Tehran, a sprawling metropolis of more than 10 million residents, is reportedly on the verge of a devastating water crisis as Iran endures its worst drought in decades.
Officials now warn that without immediate rainfall, parts of the capital could face forced evacuation within weeks — an unprecedented failure in one of the world’s most resource-rich nations.
The scale of the collapse is staggering. In 2025, Tehran recorded a 100 percent drop in precipitation compared to the previous year, leaving the region’s reservoirs nearly bone-dry.
The Amir Kabir Dam, once the pride of Iran’s water infrastructure, now holds just 14 million cubic meters of water — a mere 8 percent of its capacity and enough to sustain the city for only two weeks.

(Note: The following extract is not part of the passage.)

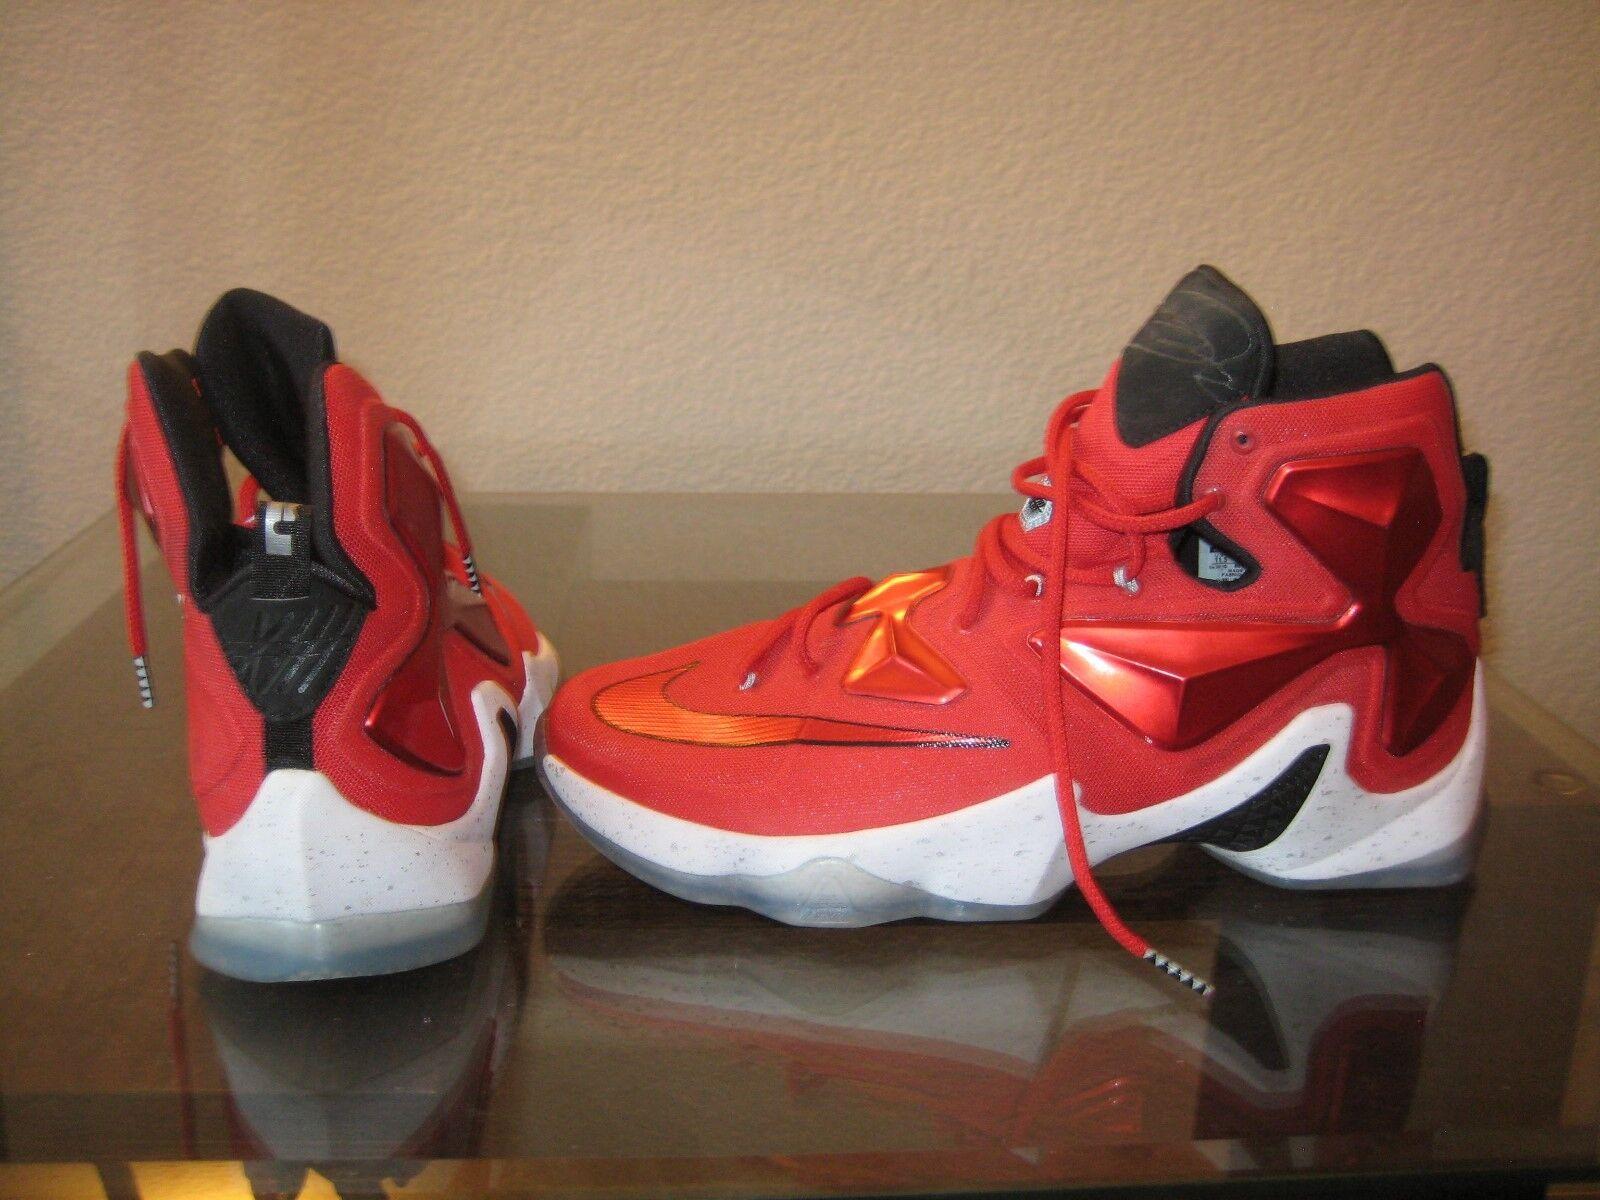 IRON MAN Nike LeBron XIII 'On Court

Across the five major dams that feed the capital — Lar, Mamlu, Amir Kabir, Taleqan, and Latyan — total reserves are just 8 percent full. Excluding the newer Taleqan Dam, that figure falls to a desperate 5 percent, said Mohsen Ardakani, head of Tehran’s Water and Wastewater Company.
Tehran’s water crisis is part of a much deeper national breakdown — one marked by environmental neglect, state mismanagement, and political repression. The National Council of Resistance of Iran (NCRI) reports that more than 2,000 Iranians have been killed in the 14 months since President Masoud Pezeshkian took power, underscoring what critics describe as a government increasingly focused on maintaining control rather than addressing urgent needs.

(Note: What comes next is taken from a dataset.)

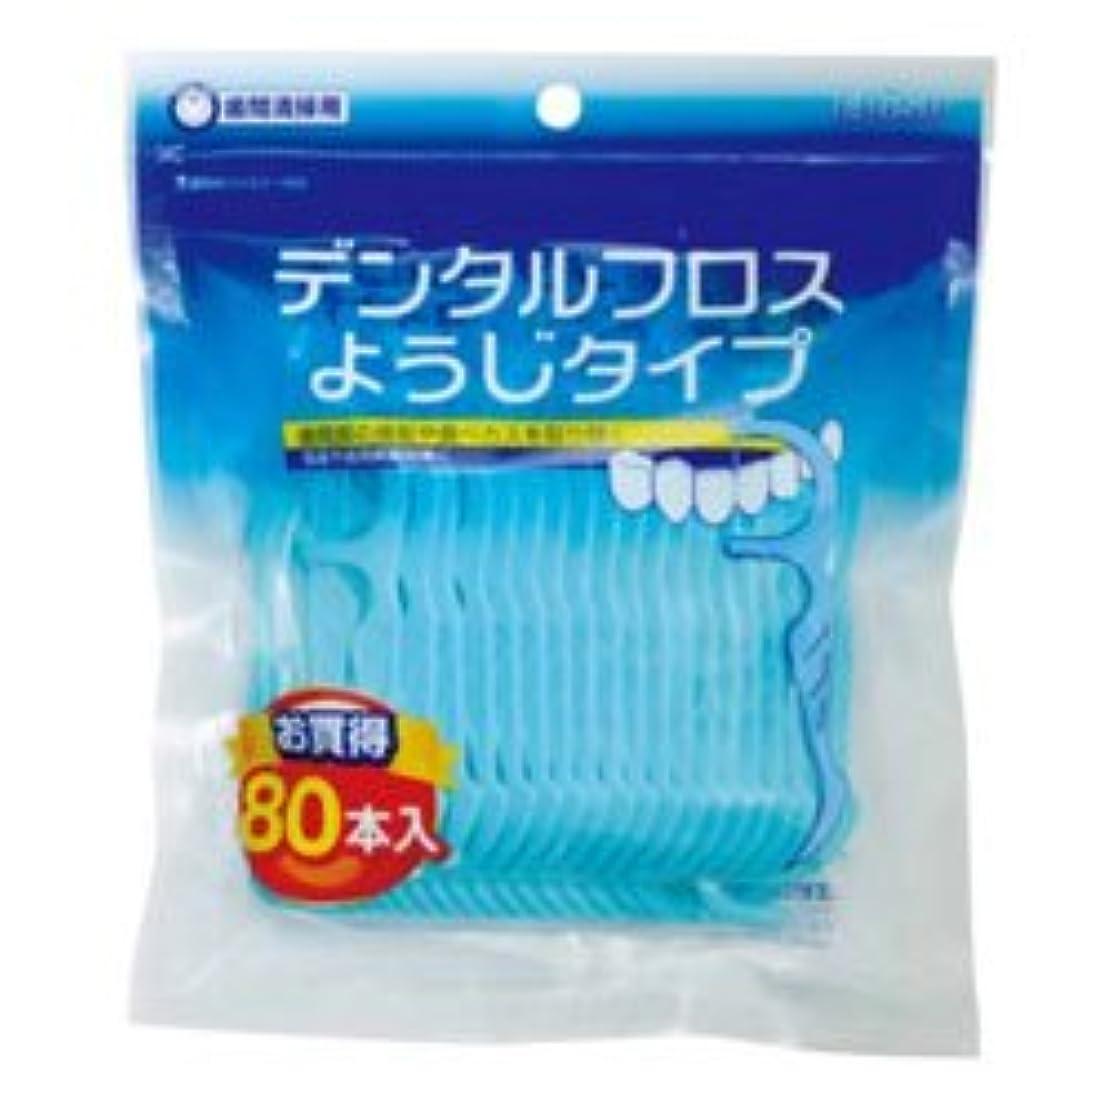 結び目歯科医チャーター【エビス】デンタルフロス ようじタイプN 80本入 ×3個セット

“This is a critical situation,” Ardakani warned, noting that the province received just 159 millimeters of rainfall in the last water year — the lowest in a century — and none since September 23. Dam reserves have fallen to 252 million cubic meters, down sharply from 420 million in previous years. With forecasts showing no significant rainfall before December, officials admit that the capital’s water security now depends on dwindling underground aquifers.
At the Karaj Dam, another crucial reservoir, water levels have dropped to 7 percent of capacity. “If it does not rain, we will have to start restricting water supplies in Tehran next month,” Pezeshkian said. “If the drought continues, we will run out of water and be forced to evacuate the city.”
The president’s remarks reflect a rare moment of candor from a regime that has long downplayed its environmental crises, even as decades of corruption, failed infrastructure projects, and mismanagement have left Iran’s water system on the brink. Experts say Tehran’s daily consumption of three million cubic meters leaves virtually no margin for error.
For many Iranians, the crisis symbolizes a broader collapse — one in which natural resources, civil liberties, and hope itself are being steadily drained away. As reservoirs run dry, so too does public faith in a government that seems more intent on silencing dissent than saving its own capital.
The drought may be nature’s doing, but the disaster unfolding in Tehran bears the unmistakable imprint of human failure — and a regime running out of time, water, and credibility.